The American League and the National League of Major League Baseball are each divided into three divisions: East, Central, and West. Many years, fans talk about some divisions being stronger (having better teams) than other divisions. This may have consequences for the postseason. For instance, in 2012 Tampa Bay won 90 games and did not play in the postseason, while Detroit won only 88 and did play in the postseason. This may have been an oddity, but is there good evidence that in the 2012 season, the American League divisions were significantly different in overall records? Use the following data to test whether the mean number of wins per team in the three American League divisions were the same or not. Note that the data are not balanced, as two divisions had five teams, while one had only four.

Division Team Wins
East NY Yankees 95
East Baltimore 93
East Tampa Bay 90
East Toronto 73
East Boston 69
Division Team Wins
Central Detroit 88
Central Chicago Sox 85
Central Kansas City 72
Central Cleveland 68
Central Minnesota 66
Division Team Wins
West Oakland 94
West Texas 93
West LA Angels 89
West Seattle 75

Here is a stripchart of the number of wins for the 14 teams in the AL for the 2012 season.

While the spread seems similar, there may be some question about the normality of the data, given the wide gaps in the middle near the 0.500 mark of 82 games (teams play 162 games each season in MLB).

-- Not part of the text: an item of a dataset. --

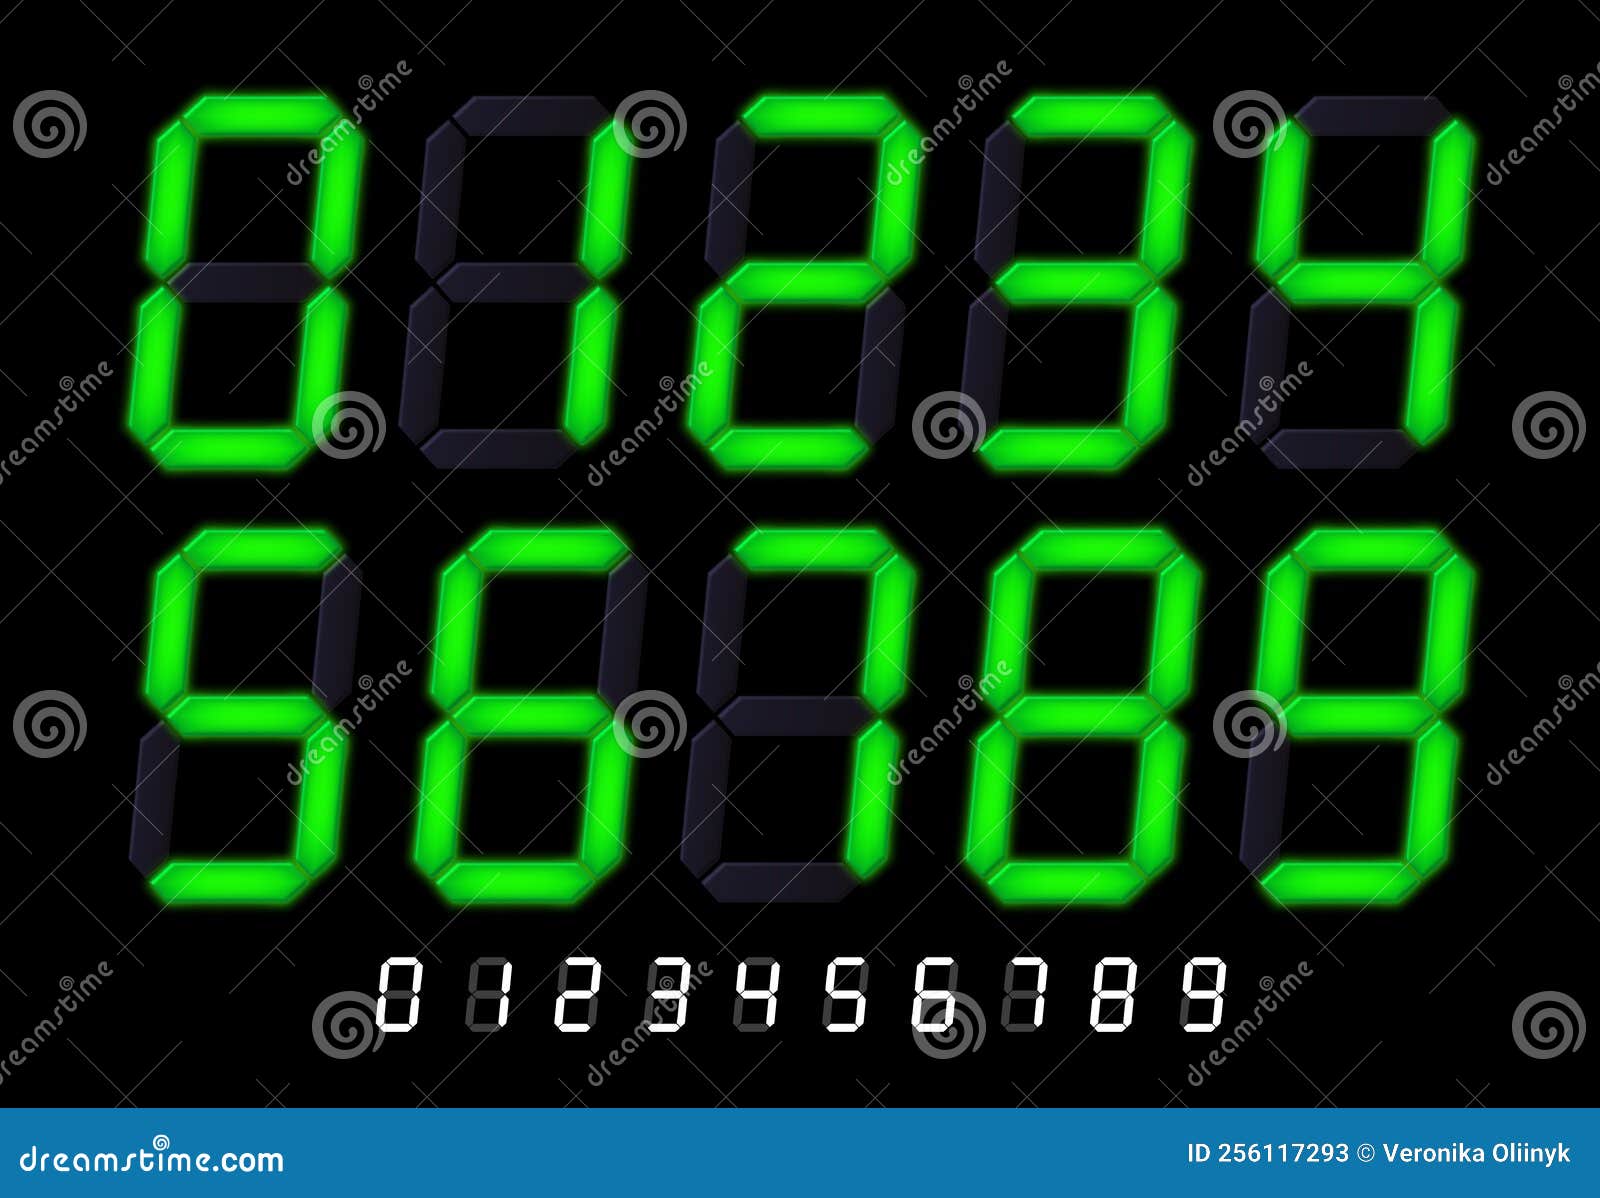 https://thumbs.dreamstime.com/z/segmented-lcd-display-numbers-digital-time-timer-signs-tech-clock-count-retro-led-calculator-screen-font-vector-set-number-256117293.jpg

However, one-way ANOVA is robust.

Here is the ANOVA table for the data:

Source of variation Sum of squares (SS) Degrees of freedom (df) Mean square (MS) F
Factor (Between) 344.16 3 – 1 = 2 172.08
Error (Within) 1,219.55 14 – 3 = 11 110.87 1.5521
Total 1,563.71 14 – 1 = 13

P(F > 1.5521) = 0.2548
Since the p-value is so large, there is not good evidence against the null hypothesis of equal means. We cannot reject the null hypothesis. Thus, for 2012, there is not any have any good evidence of a significant difference in mean number of wins between the divisions of the American League.